Le cas particulier de la Montagne
Segré, Saint-Jean-de-la-Motte, Luneray, Gresse-en-Vercors, Corte, Bastia, Lannion, Vindry-sur-Turdin, Longpré-les-Corps-Saints, Marigné…
Partout en France, des habitants se mobilisent contre des fermetures de classes et d’écoles.
Bien que les annulations et suspensions soient rares, les décisions de suppression de postes peuvent toujours être contestées en justice.
Il faut relever, dans ce cadre, que les communes de montagne ont des arguments juridiques spécifiques à faire valoir. En effet, les territoires de montagne se trouvent dans une situation particulière en termes d’enclavement ou d’accessibilité.
En premier lieu, la loi Montagne II, prenant en compte ces spécificités, a introduit des dispositions intégrant la problématique de l’éducation dans ces communes :
Elle a ainsi modifié l’article 1er de la loi de 1985 en précisant que :
« L’État, les collectivités territoriales et leurs groupements (…) mettent en œuvre des politiques publiques articulées au sein d’une politique nationale répondant aux spécificités du développement équitable et durable de la montagne (…) et aux besoins des populations montagnardes permanentes et saisonnières (…) Dans le cadre de cette politique, l’action de l’État a, en particulier, pour finalités : (…) 13° De réévaluer le niveau des services publics et des services au public en montagne et d’en assurer la pérennité, la qualité, l’accessibilité et la proximité, en tenant compte, notamment en matière d’organisation scolaire, d’offre de soins et de transports, des temps de parcours et des spécificités géographiques, démographiques et saisonnières des territoires de montagne. »
L’article 8 de la loi Montagne a également été modifié en 2016 spécifiant désormais que :
« Les dispositions de portée générale ainsi que les politiques publiques et les mesures prises pour leur application relatives, notamment (…) à l’éducation (…) sont, éventuellement après expérimentation, adaptées à la spécificité de la montagne ou à la situation particulière de chaque massif ou partie de massif. »
L’article L.212-3 du code de l’éducation précise enfin depuis l’entrée en vigueur de cette loi que l’attention particulière portée aux territoires de montagne doit être à l’œuvre lorsqu’il s’agit de définir des seuils de fermeture de classe :
« La mise en œuvre de la carte scolaire permet l’identification des écoles publiques ou des réseaux d’écoles publiques qui justifient l’application de modalités spécifiques d’organisation scolaire, notamment en termes de seuils d’ouverture et de fermeture de classe, au regard de leurs caractéristiques montagnardes, de la démographie scolaire, de l’isolement, des conditions d’accès et des temps de transports scolaires ».
En deuxième lieu, cette loi de 2016 est venue préciser que les enfants des saisonniers devaient être pris en compte dans les effectifs :
« Le nombre d’enseignants du premier degré affectés à chaque département par le recteur d’académie est déterminé en prenant en compte les effectifs scolaires liés à la population des saisonniers ».
En troisième lieu, les enfants dès deux ans peuvent être accueillis dans les écoles maternelles en vertu de l’article L113-1 du code de l’éducation.
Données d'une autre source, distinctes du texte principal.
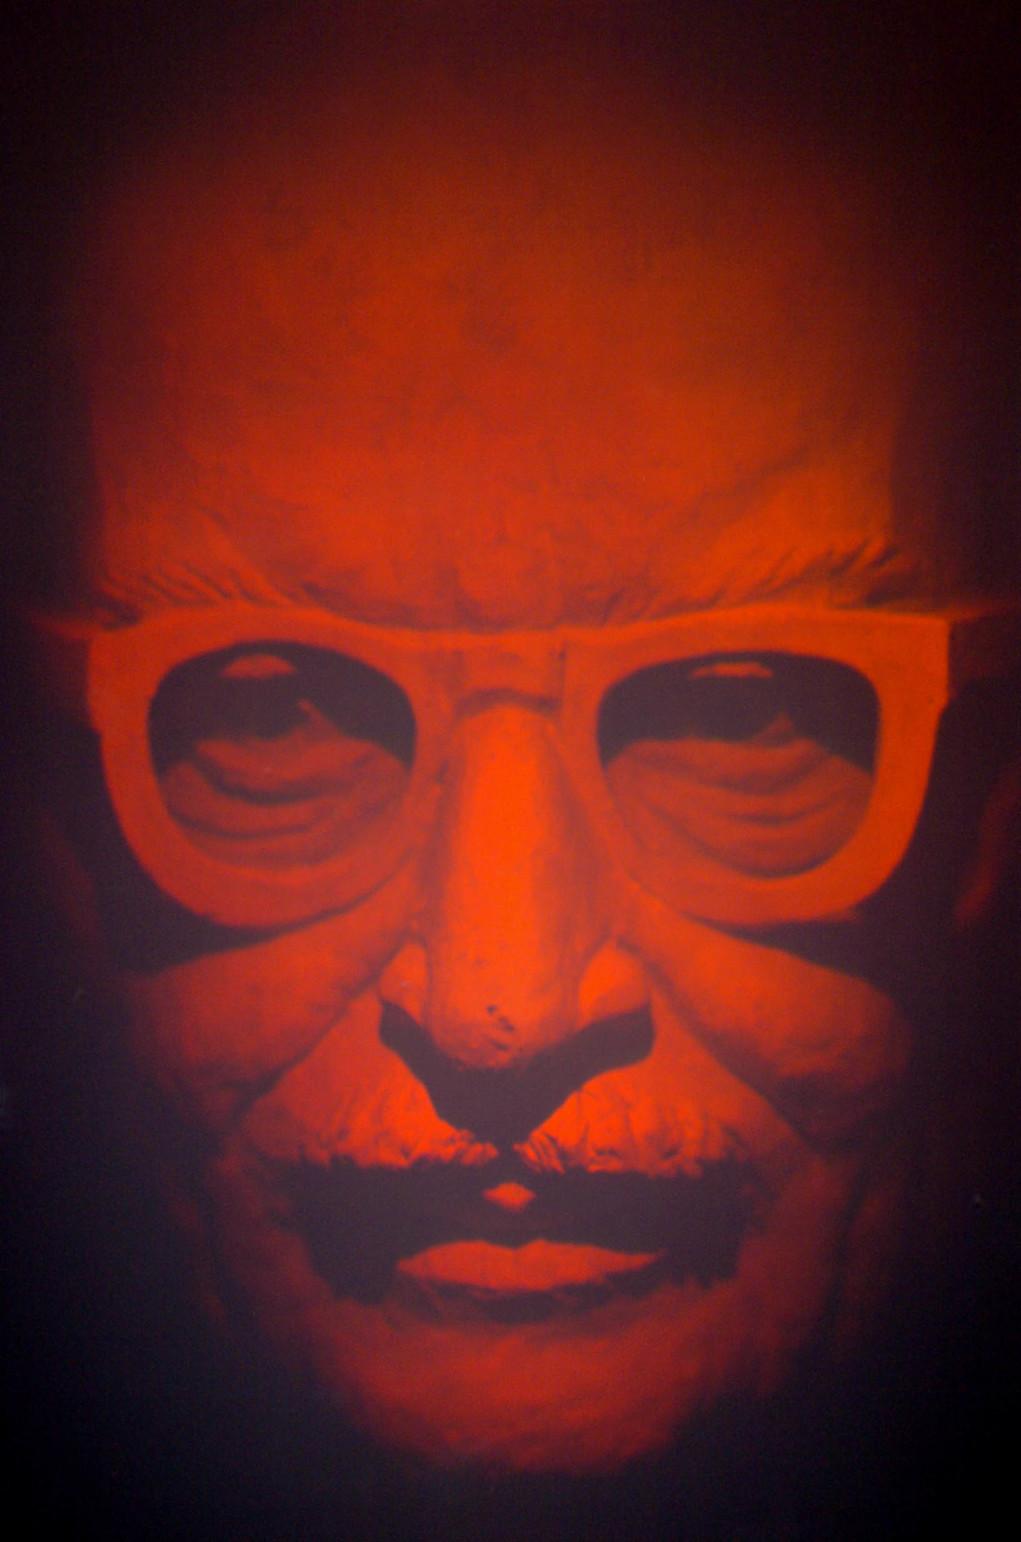 Budapest, 2005. április 21. A fizikai Nobel-díjas Gábor Dénes hologramszobra, amelyet a Budapesti Műszaki és Gazdaságtudományi Egyetem Informatikai épületében avattak fel. A Nagy-Britanniában élt Gábor Dénes a holográfiai módszer felfedezéséért és fejlesztéséhez való hozzájárulásért kapott fizikai Nobel-díjat 1971-ben. MTI Fotó: Soós Lajos

Ces enfants doivent d’ailleurs être accueillis en priorité dans les écoles situées dans un environnement social défavorisé, que ce soit dans les zones urbaines, rurales ou de montagne ou dans les DOM TOM.
Dans les écoles accueillant des enfants dès deux ans, ces derniers doivent être comptabilisés dans les prévisions d’effectifs d’élèves pour la rentrée. Cette disposition est issue de la loi n° 2013-595 du 8 juillet 2013 d’orientation et de programmation pour la refondation de l’école de la République, qui l’a introduit dans des termes limpides.
Les ministres successifs de l’éducation nationale ont rappelé les modalités de calcul des effectifs, comprenant les enfants de 2 ans, dans de nombreuses réponses ministérielles. Cf. à titre d’exemple Réponse du Ministère auprès du ministre de l’Éducation nationale, de la jeunesse et des sports -Sports à la question de VÉRIEN Dominique JO Sénat du 16/02/2022 – page 1667
L’intention du législateur de voir ces enfants comptabilisés ressort par ailleurs sans équivoque des débats parlementaires ayant précédé l’adoption de la loi d’orientation.
Pourtant, dans la pratique, lors des décisions de suppressions de postes d’enseignants, les inspecteurs d’académie ne semblent pas toujours pas être au courant de l’obligation de comptabiliser ces enfants, obligation qui date pourtant de plus de dix ans, ni de l’obligation de considérer avec attention les territoires de montagne du fait de leur isolement, en ne leur appliquant pas de seuils de fermeture.